„Na rozwój i zaspokajanie zainteresowań sportowych oraz doskonalenie umiejętności poprzez prowadzenie szkolenia i systematycznych zajęć treningowych dzieci i młodzieży oraz dorosłych w zakresie piłki nożnej” Fundacja Baltica Sport, prowadząca klub sportowy Akademia Piłkarska Baltica, dostała od miasta na cały 2017 rok 25 tysięcy złotych.
Zdaniem naszego Czytelnika, wystąpił tutaj ewidentny konflikt interesów. Jako radny Olszar ma wpływ na decyzje o przyznaniu pieniędzy dla swojej organizacji.
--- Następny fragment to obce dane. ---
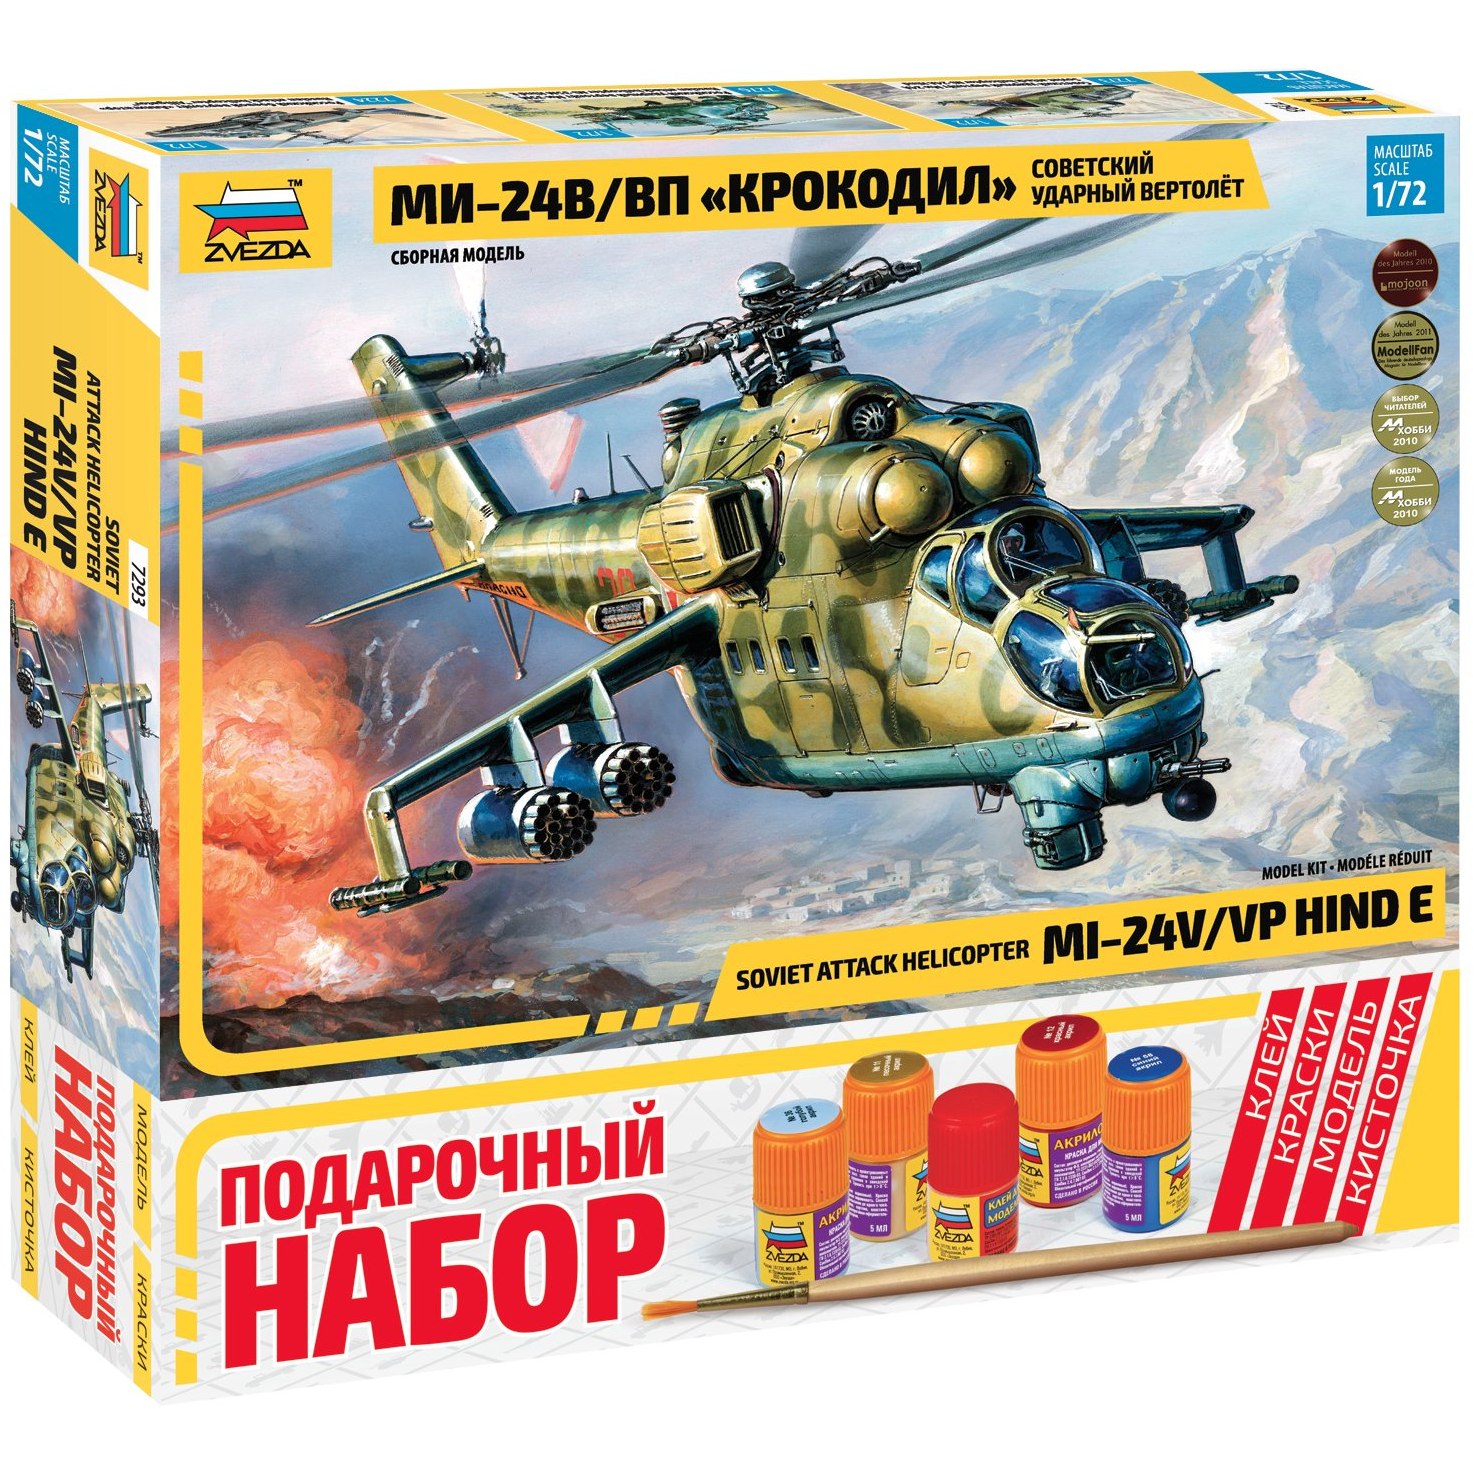 Сов. вертолет ми-24 в/вп "крокодил"

Na stronie internetowej Akademii Piłkarskiej Baltica można przeczytać, że Sebastian Olszar jest jej twórcą. Wcześniej radny był w zarządzie Fundacji.
Co na to Urząd Miasta?
- Pan Radny Sebastian Olszar nie ubiegał się personalnie o środki finansowe na działalność Akademii Piłkarskiej Baltica - odpowiada nam rzecznik prezydenta Robert Karelus. - Z informacji, które posiadam - nie zasiada również w zarządzie Akademii.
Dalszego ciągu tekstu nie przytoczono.